--- Material provided ---
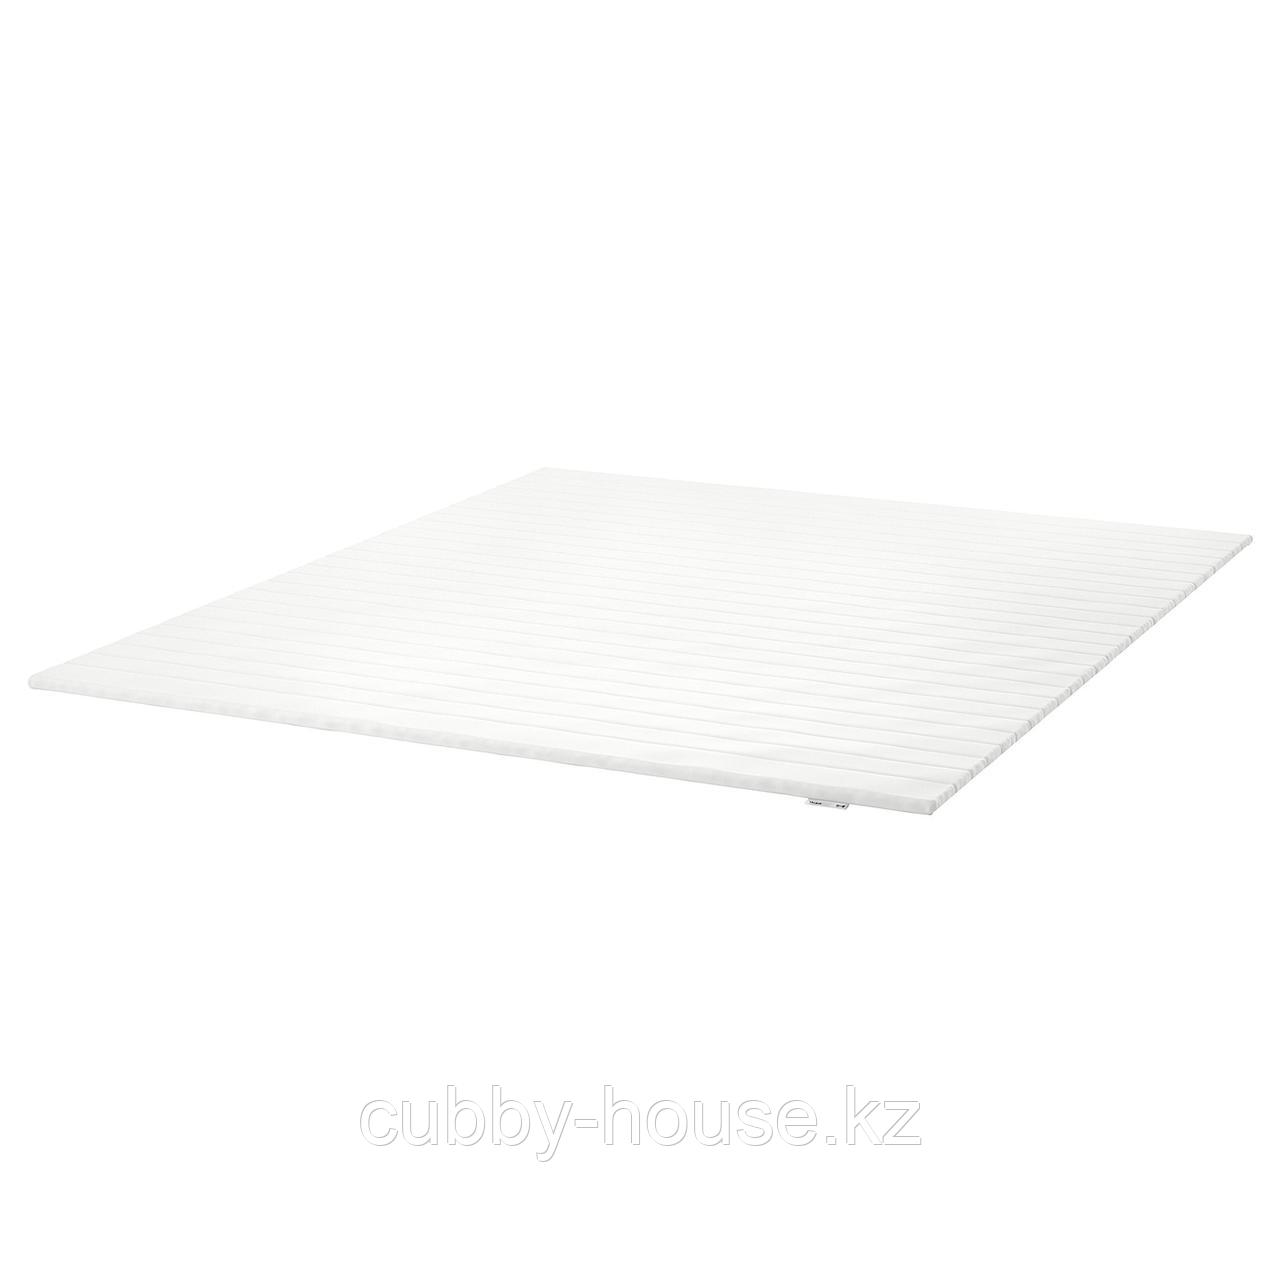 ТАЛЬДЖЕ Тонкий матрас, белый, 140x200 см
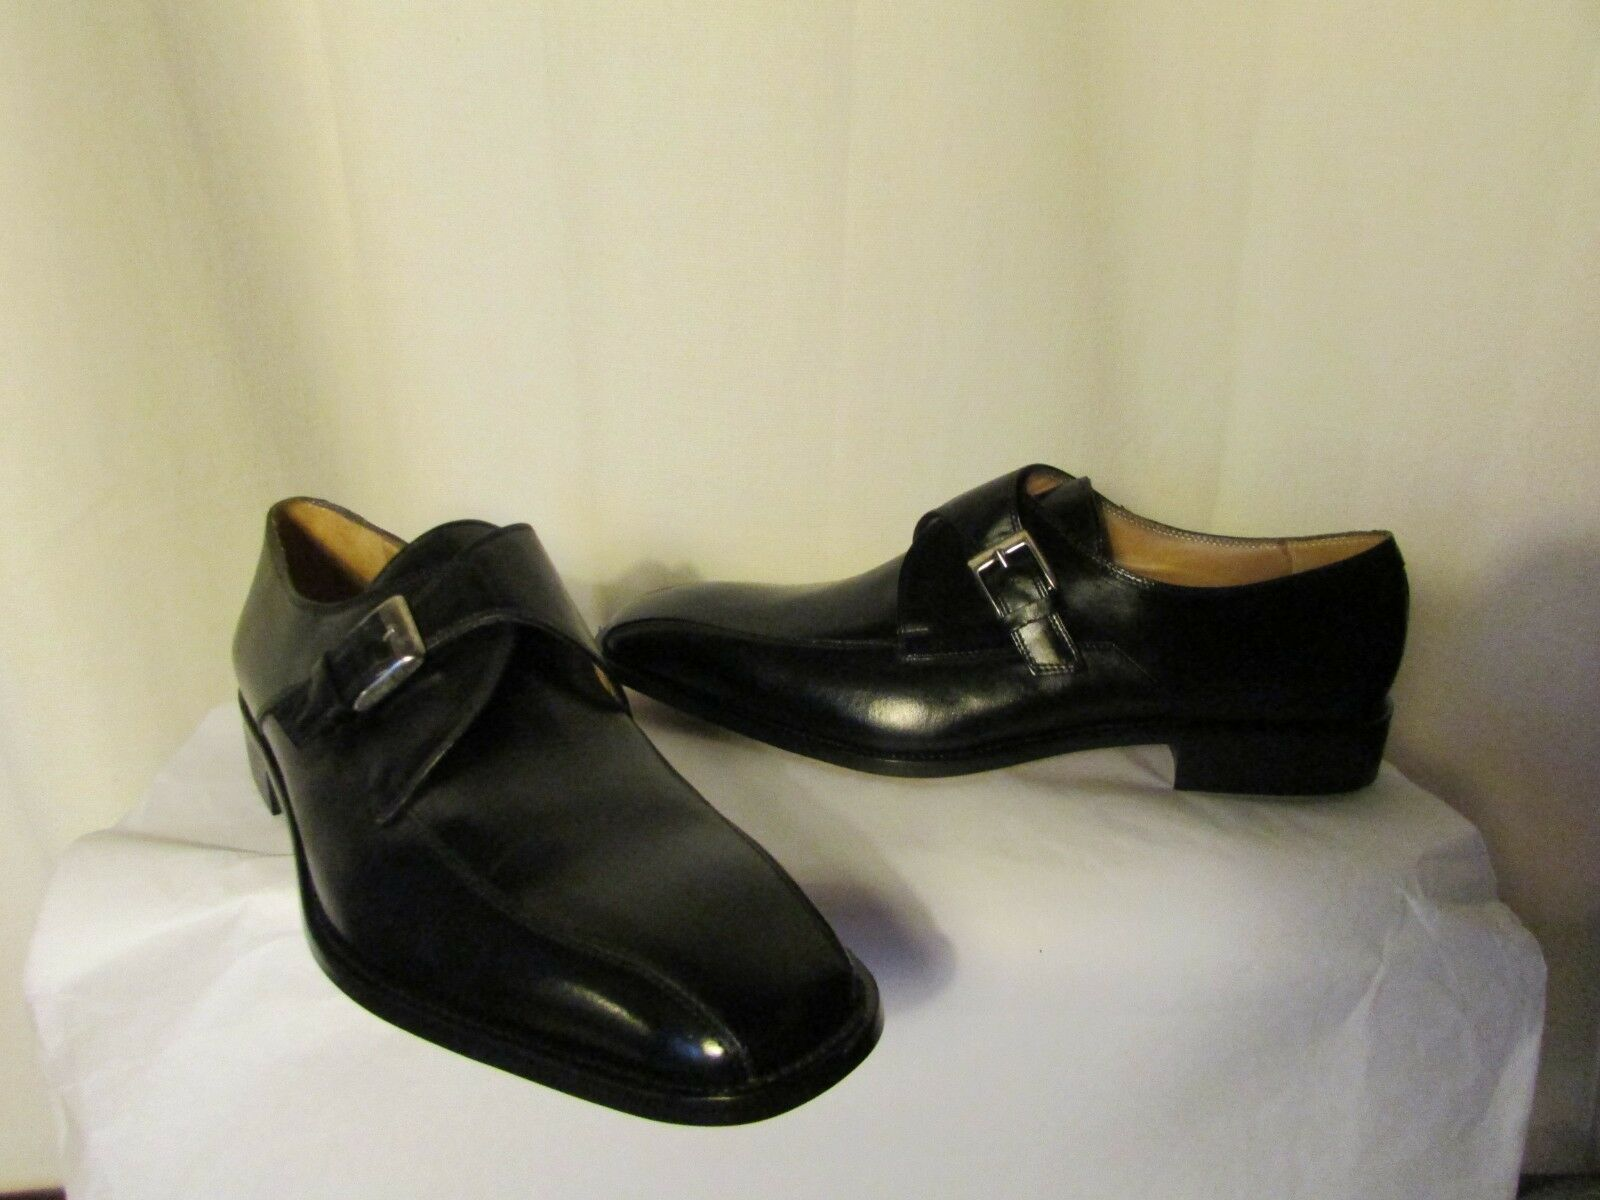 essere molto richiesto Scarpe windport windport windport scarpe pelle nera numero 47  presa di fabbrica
---
--- Material provided ---
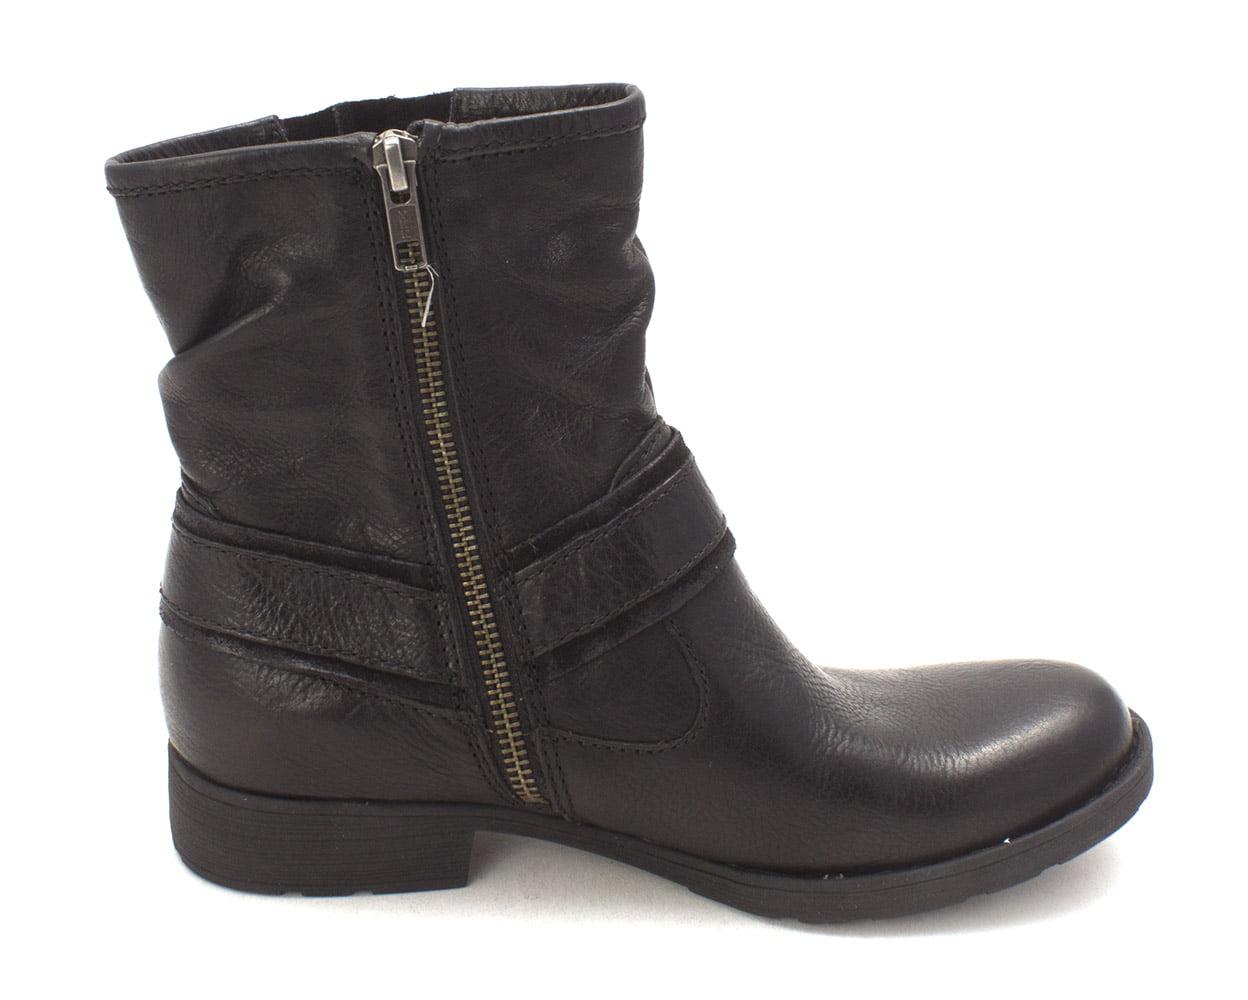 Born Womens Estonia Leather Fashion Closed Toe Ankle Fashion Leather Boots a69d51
---
§ **What the task asks**: Print exactly, with no pictures, the lines above from the one that holds "ТАЛЬДЖЕ Тонкий матрас, белый, 140x200 см" through the one that holds "essere molto richiesto", both of them included.

§ **Solution to the exercise**:
 ТАЛЬДЖЕ Тонкий матрас, белый, 140x200 см
 essere molto richiesto Scarpe windport windport windport scarpe pelle nera numero 47  presa di fabbrica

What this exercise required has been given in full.